In all these use cases, the indicator’s ability to filter out noise and highlight structurally important levels means traders can focus on higher-probability setups and make more informed trading decisions.
Strategy – Pullback Trading with DTFX Algo Zones
One of the most effective ways to use the DTFX Algo Zones indicator is trading pullbacks in the direction of the trend. Below is a step-by-step strategy to capitalize on pullbacks using the zones, combining the indicator’s signals with sound price action analysis and risk management:
1. Identify a Market Structure Shift and Trend Bias: First, observe the chart for a recent BOS or ChoCH signal from the indicator. This will tell you the current trend bias. For instance, a bullish BOS/ChoCH means the market momentum has shifted upward (bullish bias), and a new demand zone will be drawn. A bearish structure break indicates downward momentum and creates a supply zone. Make sure the broader context supports the bias (e.g., if multiple higher timeframe zones are bullish, focus on long trades).

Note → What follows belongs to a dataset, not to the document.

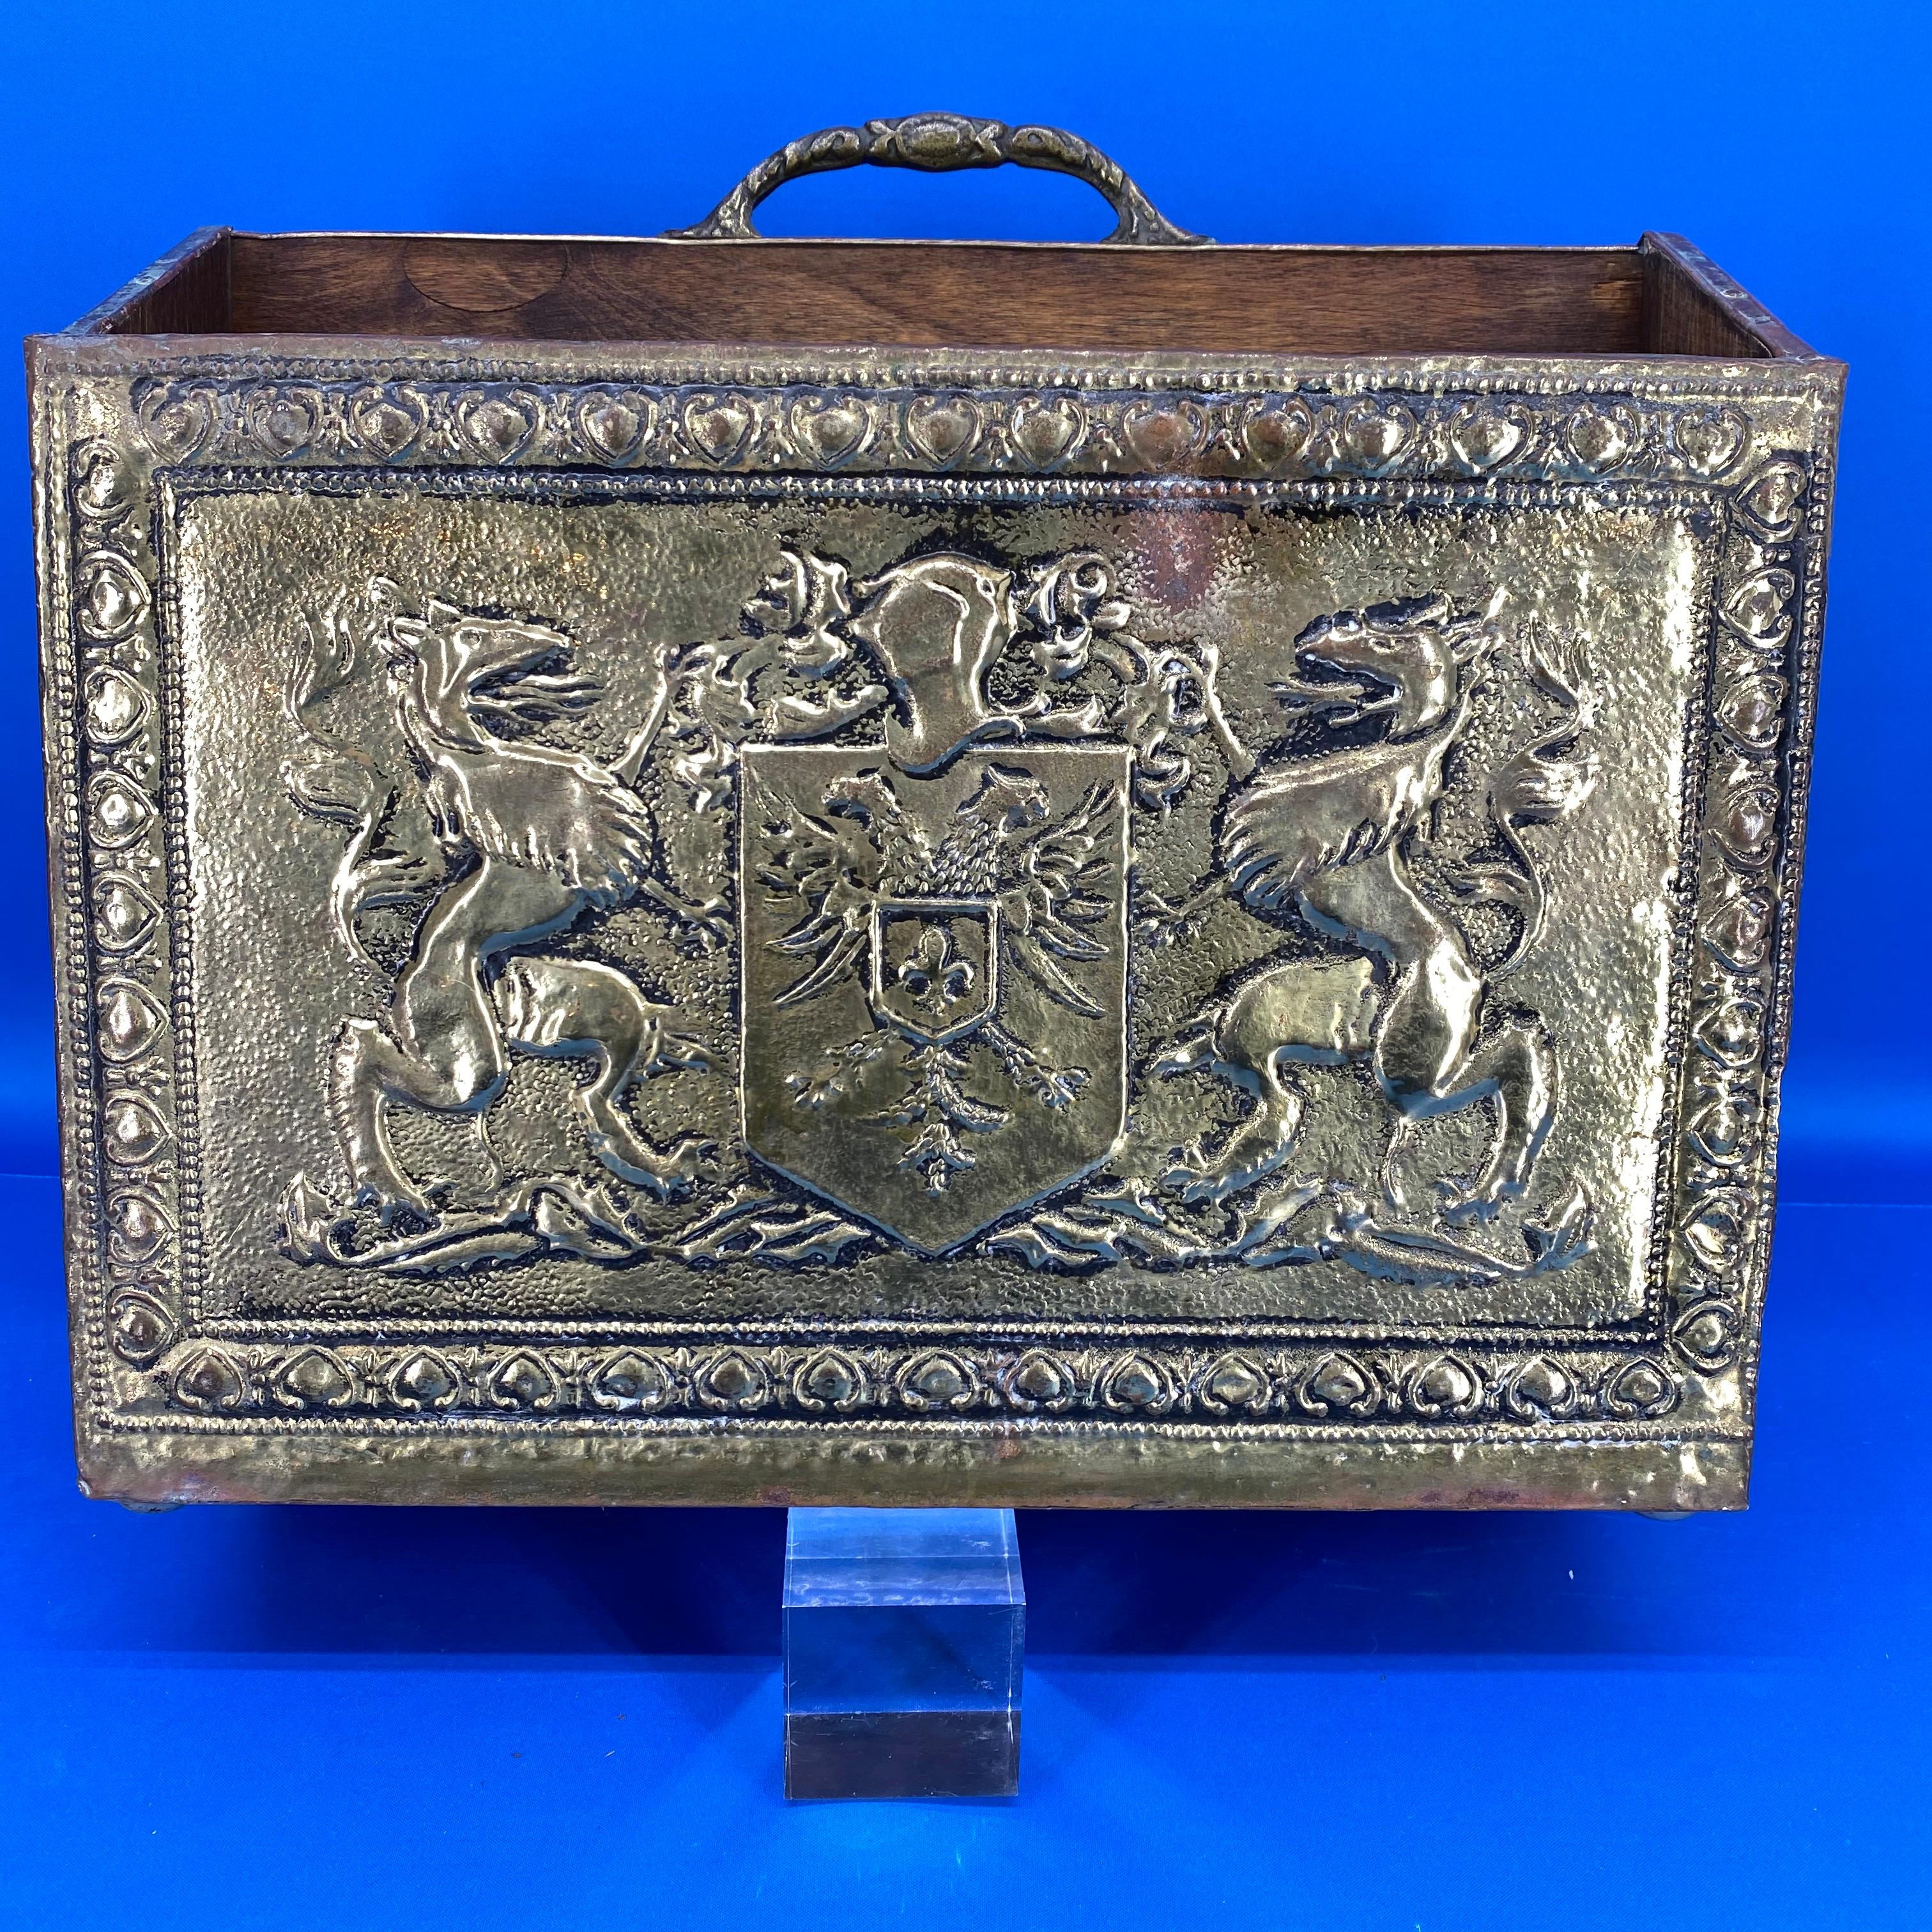 Late Victorian Early Victorian Style Brass Magazine Rack With Code Of Arms, Griffins And Eagles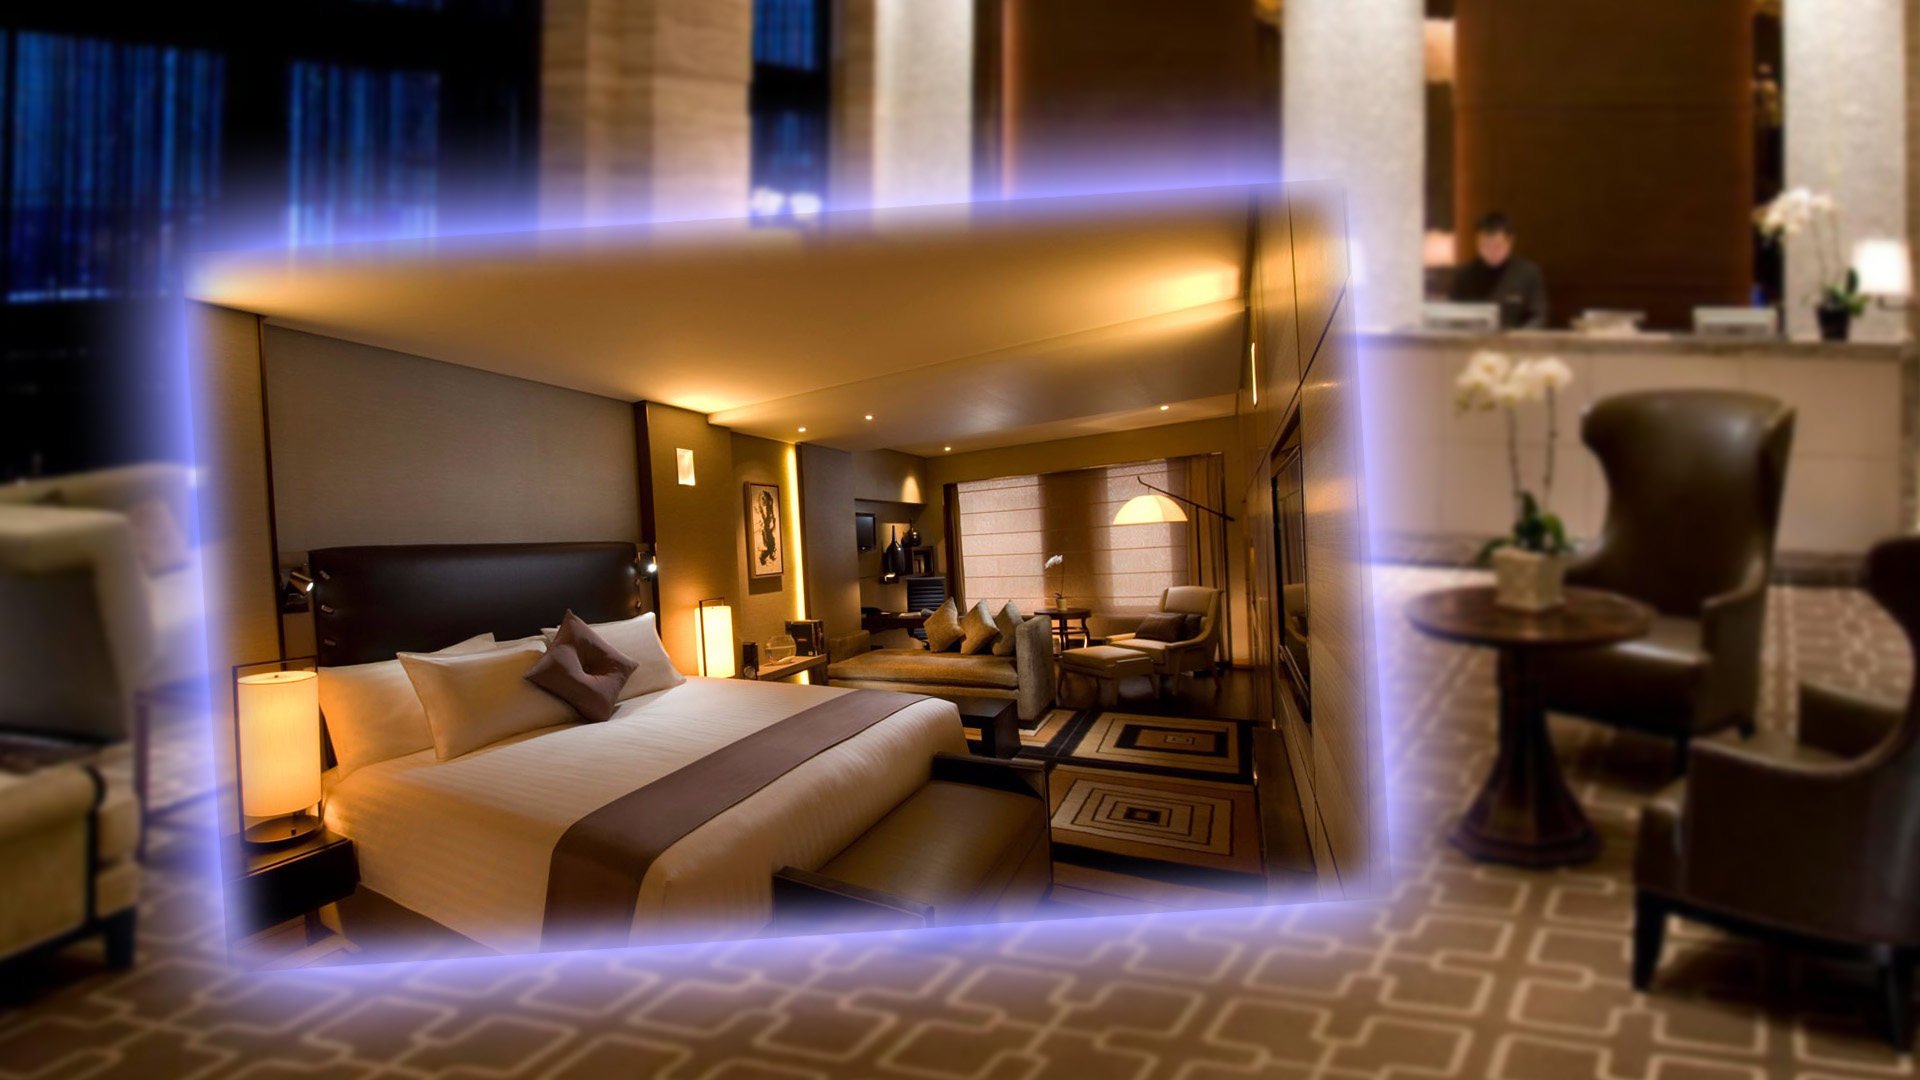 A top hotel in China’s capital has come under scrutiny after it imposed a fine on a VIP guest after surveillance footage showed he did not stay in his room overnight, leading to suspicions that he had resold the room for a profit. Photo: SCMP composite/hilton.com.cn

2. Wait for the Pullback into the Zone: Once a new zone appears, don’t chase the price immediately. Instead, wait for price to retrace back into that highlighted zone. Patience is key – let the market come to you. For a bullish setup, allow price to dip into the Fibonacci retracement zone (demand area); for a bearish setup, watch for a rally into the supply zone. Often, the middle of the zone (around the 50% retracement level) can be an optimal area where price might slow down and pivot, but it’s wise to observe price behavior across the entire zone.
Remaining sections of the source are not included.